Instantie: Commissie van de Europese Gemeenschappen, 20 december 1991

Instantie

Commissie van de Europese Gemeenschappen

Samenvatting


Het recht op de en de hoogte van de toeslag op de AOW-uitkering is
afhankelijk van (de hoogte van) het inkomen van de echtgenoot van de
pensioengerechtigde. De Raad van Beroep Amsterdam heeft besloten prejudiciele
vragen te stellen aan het EG-Hof over de rechtvaardigingsgrond van het
vermoeden van discriminatie, aangezien hoofdzakelijk mannen voldoen aan de
voorwaarden, zodat toeslagen ingevolge de AOW meer aan mannen dan aan vrouwen
worden toegekend. Door de EG-Commissie zijn bij het EG-Hof schriftelijke
opmerkingen ingediend in het kader van bovengenoemde procedure. De Commissie
is van oordeel dat de toeslagenregeling in de AOW niet in strijd is met het
gemeenschapsrecht, zelfs al heeft deze regeling tot gevolg dat meer mannen dan
vrouwen in aanmerking komen voor een toeslag De regeling heeft het karakter
van een bodemvoorziening die de toekenning uitsluitend afhankelijk stelt van
het feit of de jongere partner eigen inkomsten heeft. Zie ook Raad van Beroep
Amsterdam, 24 juli 1991, RN 1991, 213 en RVR 1992, 109 m.nt.
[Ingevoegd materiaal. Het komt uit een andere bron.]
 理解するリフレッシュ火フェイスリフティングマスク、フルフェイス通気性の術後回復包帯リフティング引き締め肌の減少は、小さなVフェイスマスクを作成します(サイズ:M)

Len Andringa.

Volledige tekst

De Commissie doet eerbiedig het volgende zeggen:

I. Samenvatting van het geschil

1.1. Essentie

De Raad van Beroep wenst in essentie te vernemen of het beginsel van
gelijke behandeling van mannen en vrouwen zoals neergelegd in art. 4, lid 1
van Richtlijn nr. 79/7 zich verzet tegen toepassing van een nationale regeling
(in casu: de Nederlandse Algemene Ouderdomswet) welke ertoe strekt aan
pensioengerechtigden, die een jongere partner te hunnen lasten hebben, in
aanvulling op een pensioen, dat een sociaal minimum garandeert, een toeslag
ten behoeve van hun partner, die voor laatstgenoemde evenzeer een sociaal
minimum garandeert, toe te kennen, waarvan de hoogte in beginsel wel van het
inkomen van de partner, doch niet van dat van de pensioengerechtigde
afhankelijk is, indien deze regeling tot gevolg heeft dat een aanzienlijk
groter aantal mannen dan vrouwen als pensioengerechtigden op een dergelijke
toeslag een aanspraak kunnen doen gelden.
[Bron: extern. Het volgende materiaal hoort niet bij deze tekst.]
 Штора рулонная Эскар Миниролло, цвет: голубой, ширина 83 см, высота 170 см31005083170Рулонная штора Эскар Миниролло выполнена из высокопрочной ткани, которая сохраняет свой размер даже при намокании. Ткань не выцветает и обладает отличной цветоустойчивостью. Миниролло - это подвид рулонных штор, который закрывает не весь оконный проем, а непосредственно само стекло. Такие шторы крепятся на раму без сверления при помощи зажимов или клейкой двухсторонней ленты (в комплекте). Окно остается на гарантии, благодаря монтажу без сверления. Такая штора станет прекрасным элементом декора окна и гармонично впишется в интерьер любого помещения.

1.2. Relevante Nederlandse wetgeving

De Nederlandse Algemene Ouderdomswet (AOW) is reeds verschillende malen
het voorwerp van prejudiciele procedures geweest. Voor een recent voorbeeld
zij verwezen naar ’s Hofs uitspraak in de zaak C-87/90 Verholen (arrest van 11
juli 1991, nog niet gepubliceerd). Krachtens de AOW is in Nederland iedere
ingezetene, ook degene die geen deel uitmaakt van de actieve beroepsbevolking,
verplicht verzekerd. Zij wordt daarom een volksverzekering genoemd.
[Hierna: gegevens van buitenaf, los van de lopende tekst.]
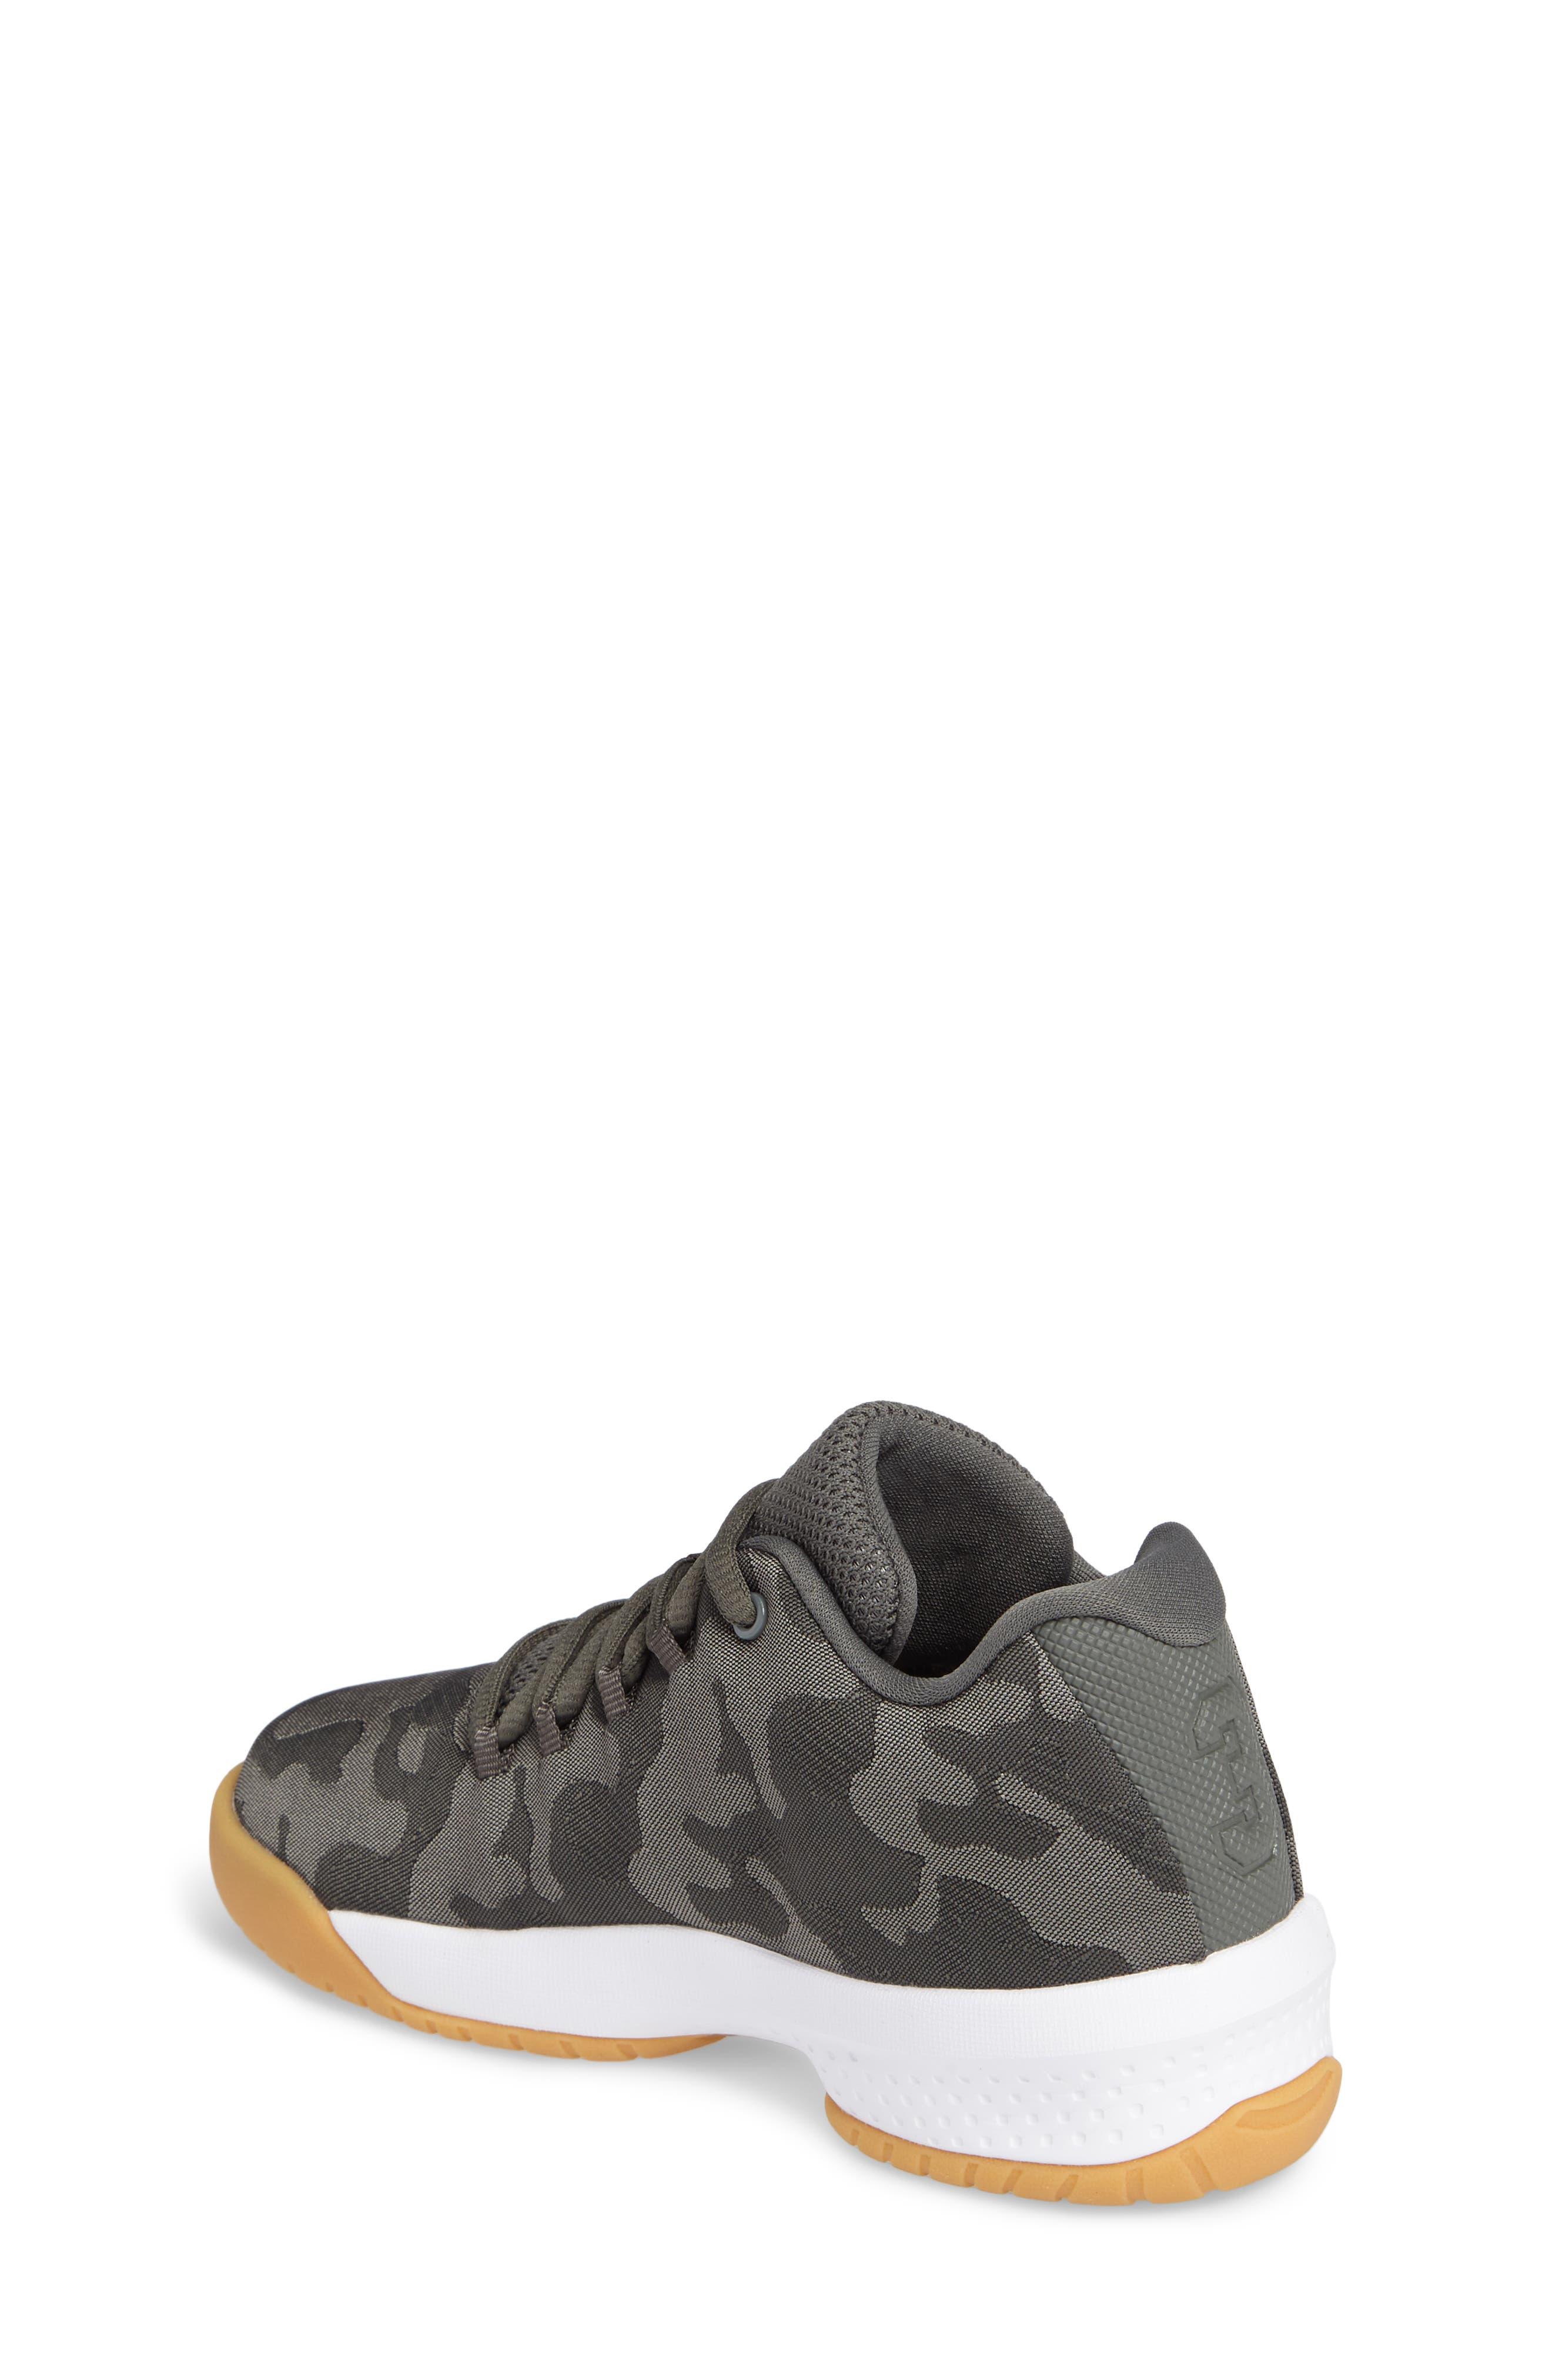 Alternate Image 2  - Nike Jordan B. Fly Basketball Shoe (Toddler & Little Kid)

Per 1 april is de AOW aangepast aan de derde richtlijn gelijke
behandeling. Voor die datum had de gehuwde vrouw geen zelfstandig recht op een
ouderdomspensioen. Daarentegen had de gehuwde man die de leeftijd van 65 jaar
had bereikt, recht op een gehuwdenpensioen. Het ouderdomspensioen werd
berekend door op het volledige pensioenbedrag een korting toe te passen van 1
procent voor elk kalenderjaar dat een van de echtgenoten niet verzekerd was.
Gehuwde vrouwen, wier echtgenoot buiten Nederland werkte en uit dien hoofde
niet krachtens de AOW verzekerd was, waren zelf evenmin verzekerd, zelfs als
zij in Nederland waren blijven wonen. De gevolgen van deze regeling, zoals die
zich ook na 23 december 1984 deden gevoelen, werden in het eerder vermelde
arrest Verholen onverenigbaar met art. 4, lid 1, van Richtlijn 79/7
verklaard.

Sedert 1 april 1985 is er sprake van toenemende verzelfstandiging van
het recht op pensioen. Bij het bereiken van de pensioengerechtigde leeftijd
worden de rechten van de gehuwde man en de gehuwde vrouw individueel
beoordeeld. De gehuwde vrouw krijgt op dat moment een eigen pensioen. De
pensioengerechtigde, van wie de partner nog geen 65 jaar is, heeft recht op
een toeslag. Tot 1 april 1988 werd die toeslag toegekend onafhankelijk van het
inkomen van deze partner. Op de toeslag wordt een korting toegepast van 2
procent voor ieder tijdvak dat de partner van de pensioengerechtigde niet
verzekerd is geweest. Wanneer de partner 65 jaar wordt, vervalt de toeslag.
Het totale bedrag van het Nederlandse pensioen dat de partners vanaf dat
tijdstip gezamenlijk ontvangen, blijft dan gelijk. In feite kan het huidige
Nederlandse stelsel als een combinatie van twee verschillende stelsels worden
beschouwd: in de eerste fase (voordat de partner de 65-jarige leeftijd heeft
bereikt) ontvangt de pensioengerechtigde een toeslag voor gehuwden; in de
tweede fase (nadat de partner de 65-jarige leeftijd heeft bereikt) wordt deze
toeslag ingetrokken en vervangen door een eigen pensioen van de partner. Zoals
hiervoor reeds werd vermeld blijft het totale bedrag van het pensioen gelijk.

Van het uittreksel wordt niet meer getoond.